# Coercing Strings Lab

### Introduction

In this lesson, let's practice working with string data in Python.  We'll do so by looking at the Yelp reviews for Max's Wine Bar in Texas.

### Loading The Data

We start by loading up the data, and then selecting the text from the reviews.

In [1]:
import pandas as pd
url = "https://raw.githubusercontent.com/eng-6-22/mod-1-a-data-structures/master/5-coercing-strings/updated-reviews.json"
df = pd.read_json(url)

In [2]:
reviews = list(df.text)

In [3]:
reviews[:2]

['Chicken and waffles are bombomski!!!! So yum 100% recommend. Outdoor area is good! Will be back.',
 "This place holds great memories for me and my family.... \xa0It was one of the last outtings with my mother.... Now it's closed down! The food was really good and it was a great ambience with the diverse crowd that was out. \xa0We had a table for about 20 or so for our guest. Our waitress did not miss a beat! \xa0She was able to get everyone's order and come back to make sure we were taken care of. \xa0Top Notch! \xa0Max hit the spot of providing a little of something for everyone from the menu. \xa0The cocktails were also really good with a nice kick! The comfort food hit the spot for me.... \xa0I was really loving the greens and fried chicken. Now when I added the waffles to the dish it makes the perfect combination. They had no problem with splitting the bill with such a large crowd. Everyone had a nice time and enjoyed the occasion as well as food...."]

### Finding and Counting

Let's start by practicing with the `find` method in Python.  We'll start by selecting the seventh review. 

In [4]:
seventh_review = reviews[6]
seventh_review[:30]

'The friend chicken here is del'

Now imagine that we want to write a method that selects characters before and after the word chicken to see what it is often associated with.

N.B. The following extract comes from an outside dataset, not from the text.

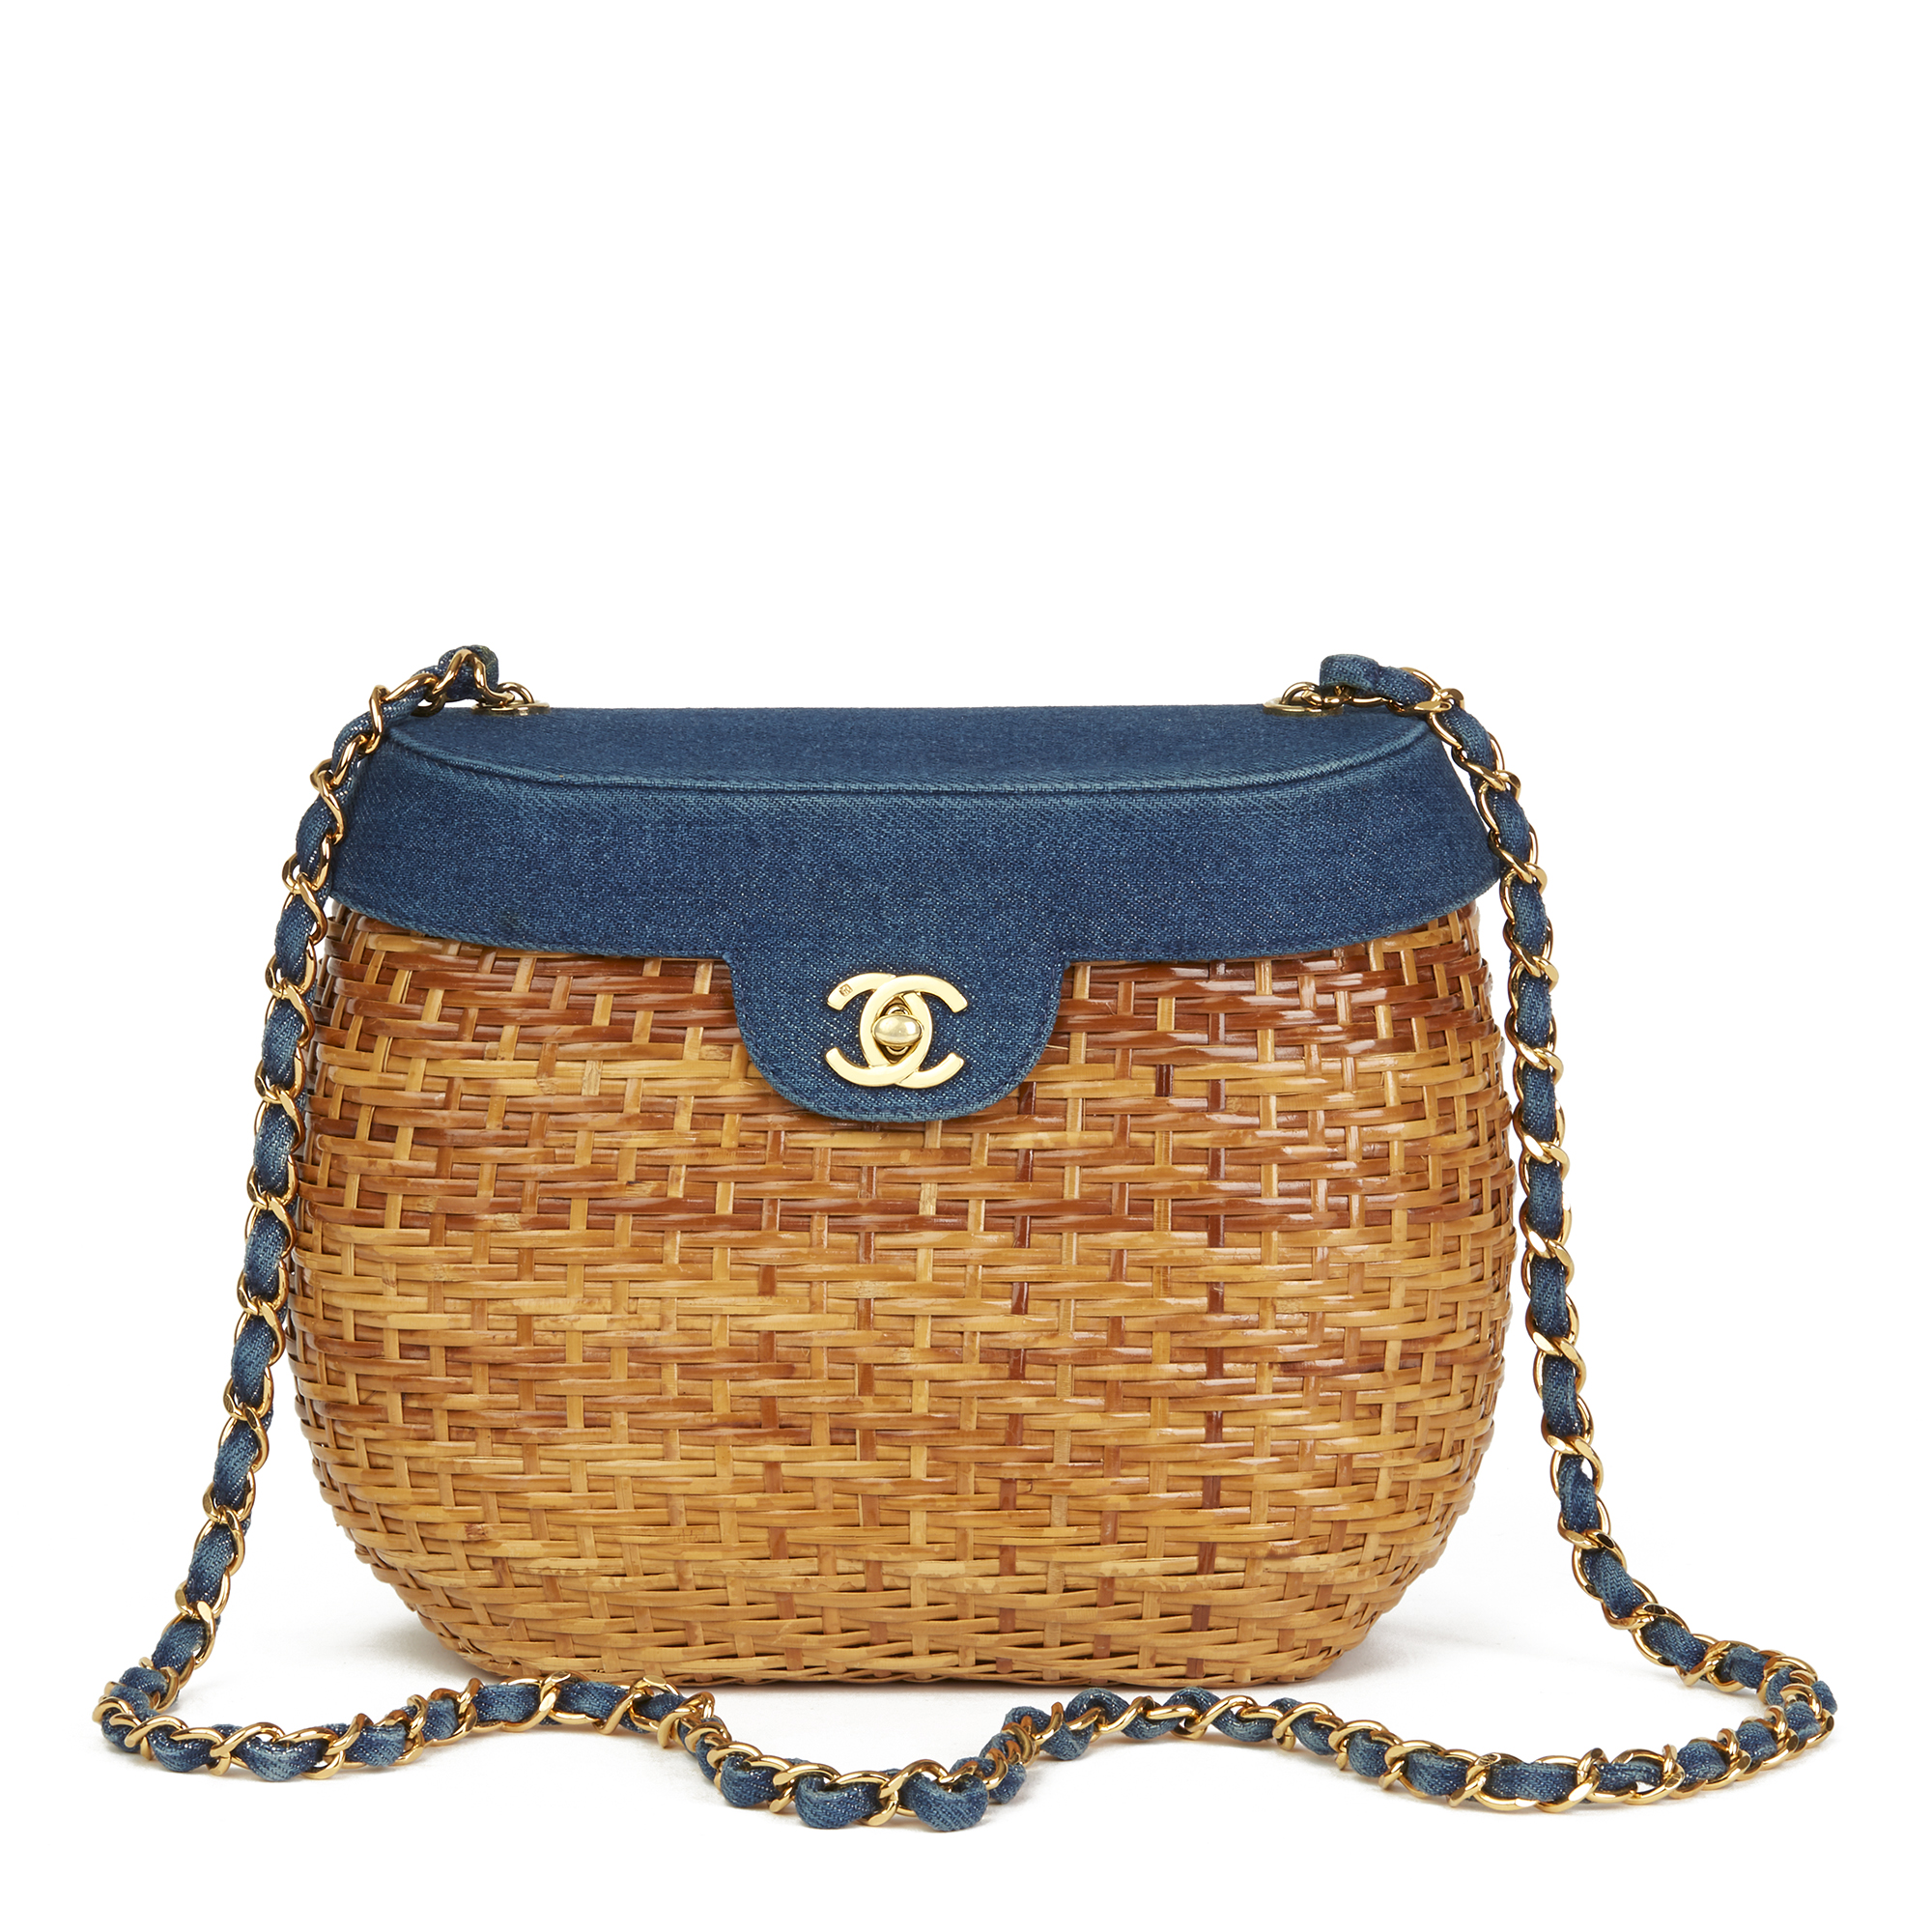 f9476d8c67c967 CHANEL BLUE DENIM & WOVEN STRAW 'PICNIC' VINTAGE BASKET BAG HB2496 ...

> Begin by finding the index of the string in the `seventh_review` where the word `'chicken'` begins.

In [5]:
char_chicken = seventh_review.find('chicken')
# 11

Next, write a method that selects ten characters before the word chicken and after the word chicken.  

In [6]:
def select_text(review):
    idx = review.find('chicken')
    return review[idx-10:idx+10+7]

In [7]:
select_text(seventh_review)
# 'he friend chicken here is d'

'he friend chicken here is d'

Now write a method that can take any string and word as an argument and return ten characters before and after that word.

In [8]:
def select_text_around(review, word):
    idx = review.find(word)
    return review[idx-10:idx+10+len(word)]

In [9]:
select_text_around(seventh_review, 'fried')
# 'e classic fried chicken, '

'e classic fried chicken, '

2. Using Count

Next, let's write a function that counts up the number of exclamation points in a review.

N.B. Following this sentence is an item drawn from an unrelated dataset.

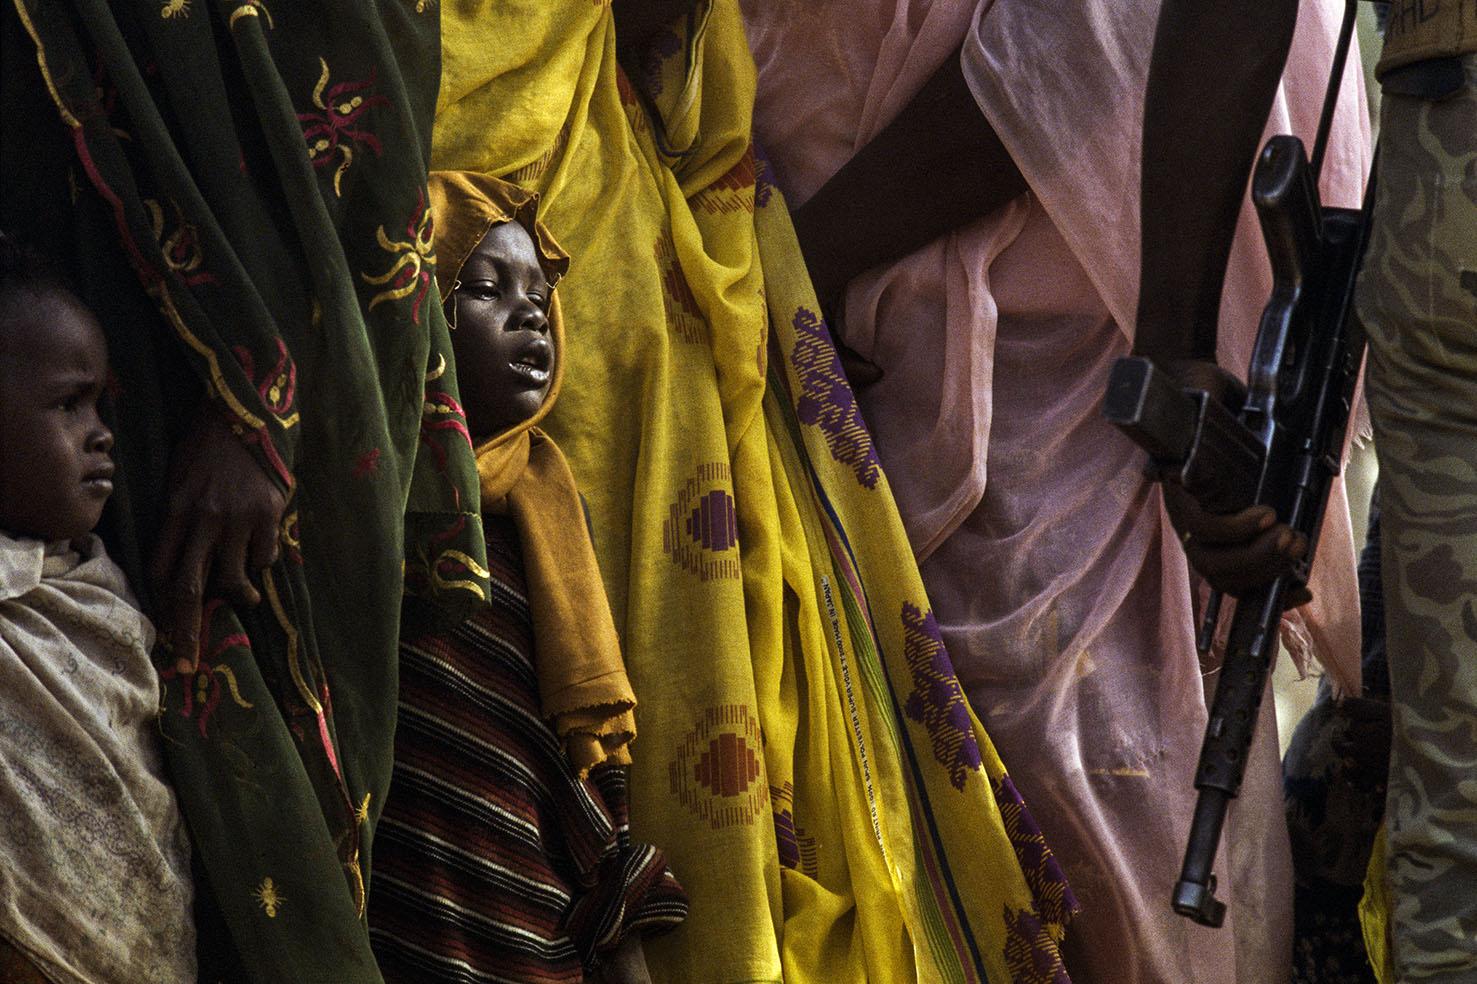 Mauro Galligani - N'djamena, Ciad, 1986. Donne e bambini in fila per la vaccinazione. Dopo 15 anni di guerra, il Ciad è uno dei paesi più poveri al mondo. Per rompere il cerchio di miseria l'Unicef ha promosso una campagna di profilassi contro le malattie infettive.

> Do so with the `count` method.

In [10]:
def count_exclamations(review):
    return review.count('!')

In [11]:
first_review = reviews[0]
count_exclamations(first_review)
# 5

5

There are other ways to do this.  For example, note that we can iterate through the characters of a string.

> See this by uncommenting and executing the cell below.

In [12]:
# [char for char in first_review]

So use list comprehension to count up the number of exclamation points in a string.

In [13]:
def count_exclamations(review):
    return sum([1 for c in review if c == '!'])

In [14]:
def count_exclamations(review):
    return len([c for c in reviews if c == '!'])

In [15]:
count_exclamations(first_review)

0

### Back to Split

Let's return to our method where we found the text that surrounds the word  `chicken` using the find method.  Now another way that we could do this is by splitting the review by word, and then selecting the words before and after the specified word in a review.  

> To do this, we'll need a way to find the `index` where our word is located, so look at:

* `enumerate` in Python
* using `range()` to iterate through a list

In [16]:
def review_word(review, selected_word):
    results = []
    split_review = review.split(' ')

    for i, word in enumerate(split_review):
    if word == selected_word:
        results.append(' '.join([split_review[i-1], split_review[i], split_review[i+1]]))
    return results

In [18]:
chosen_review

"Service was slow even though the place wasn't crowded. I ordered the chicken and waffles. The waffle was cold with no butter the chicken was good but I had to ask for syrup. I think the dish was over priced as well 18$ for a waffle and three chicken wings. Luckily I got a Groupon deal on the meal the total for our table would have been 65$ without the deal. The only way I would eat here again is through Groupon def not worth full price."

In [17]:
chosen_review = reviews[13]
review_word(chosen_review, "was")
# ['Service was slow',
#  'The waffle was cold',
#  'the chicken was good',
#  'the dish was over']

['Service was slow', 'waffle was cold', 'chicken was good', 'dish was over']

> The above is hard so please split it into steps and try to make progress.